Hunicke likens the effect of VR to the experience of encountering Anish Kapoor sculptures, the way they play with scale, how light bends on reflective objects, or the way pigment absorbs light. "He has such a profound understanding of the physical and the way that the eye and the heart interact with the mind when you're in that space. To me, you're putting someone in an environment in which you get to control all of the things people experience. It's not all like you're looking at a screen and you're on your couch and your pet's there and your drink is there, and the sirens are outside the window. When you're in VR you're completely immersed in a way that's so compelling."
"Anyone who's taking steps forward in VR now...is gathering really important intuition about the boundaries of that space and the ways in which our expectations can be shattered and reformed"
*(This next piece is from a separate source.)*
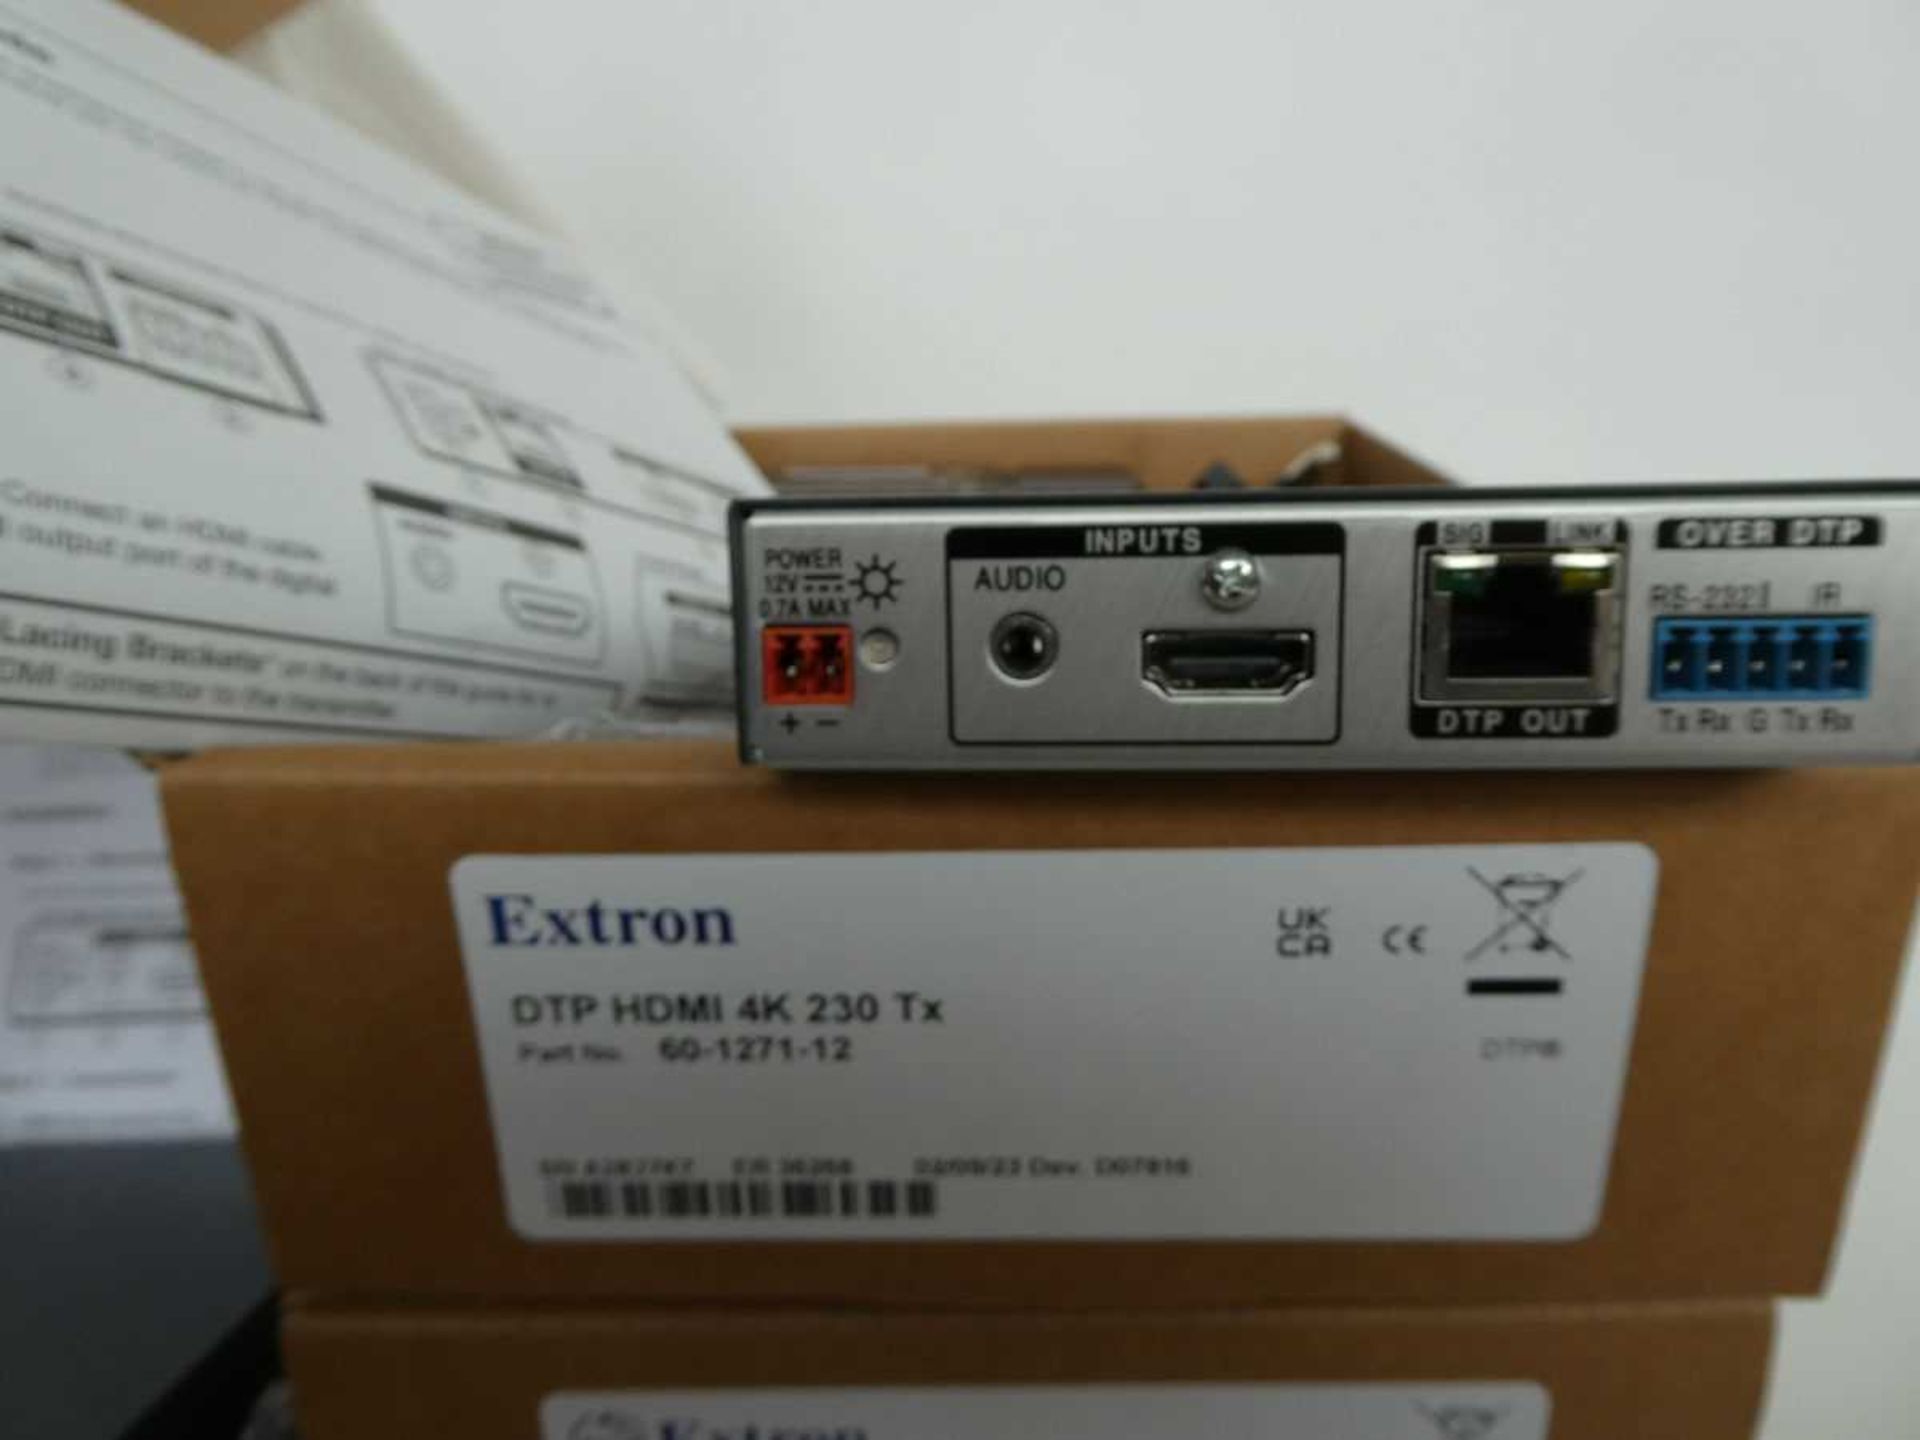 +VAT 5x boxes including 3 Extron DTP HDMI 4K 230 TX transmitters with power supply and boxes, and - Bild 5 aus 6

Engaging with a wider world of human design and creation is therefore a far better way of exploring this new field than to bring existing videogame conventions into it, especially as Hunicke feels VR and AR are so different to the traditional videogame. "To me the most important thing to understand is how VR and AR connect people together," she says. Endowed with a powerful sense of presence and unconstrained by physical reality, she believes in their potential to present new ways for people to negotiate issues of identity, such as gender and physical appearance. "It means we can do away with a lot of the binaries and constraints that we are presented with when we go down the street," she says, drawing a parallel with one of Journey's most affecting features: its multiplayer. "Because you can't speak or type to other players, your interactions are softened, and because when you interact with them the results are generally positive, your heart is softened, and when you get to the end you see it was a real person and your mind is kind of blown."
Naturally, all these powers can also lead to less than positive consequences, something of which Hunicke is more than aware. "It's a huge responsibility, and anyone who's taking steps forward now to investigate when the market, the audience and the formats are still uncertain, is gathering really important intuition about the boundaries of that space and the ways in which our expectations can be shattered and reformed. As long as we collaborate and are honest with ourselves about the kinds of experiences we wish to see in the world, and the kinds of people we wish to be in the world, we can really make some groundbreaking discoveries in socialisation, community building, shared experiences, empathy and creativity in that context. That's definitely where we should be headed."
Robin Hunicke is delivering the Indie Keynote at Develop on Wednesday, July 14, titled Funomenal Feel Engineering, in which she'll explore how she and her team blend art, technology and design through 'feel engineering'.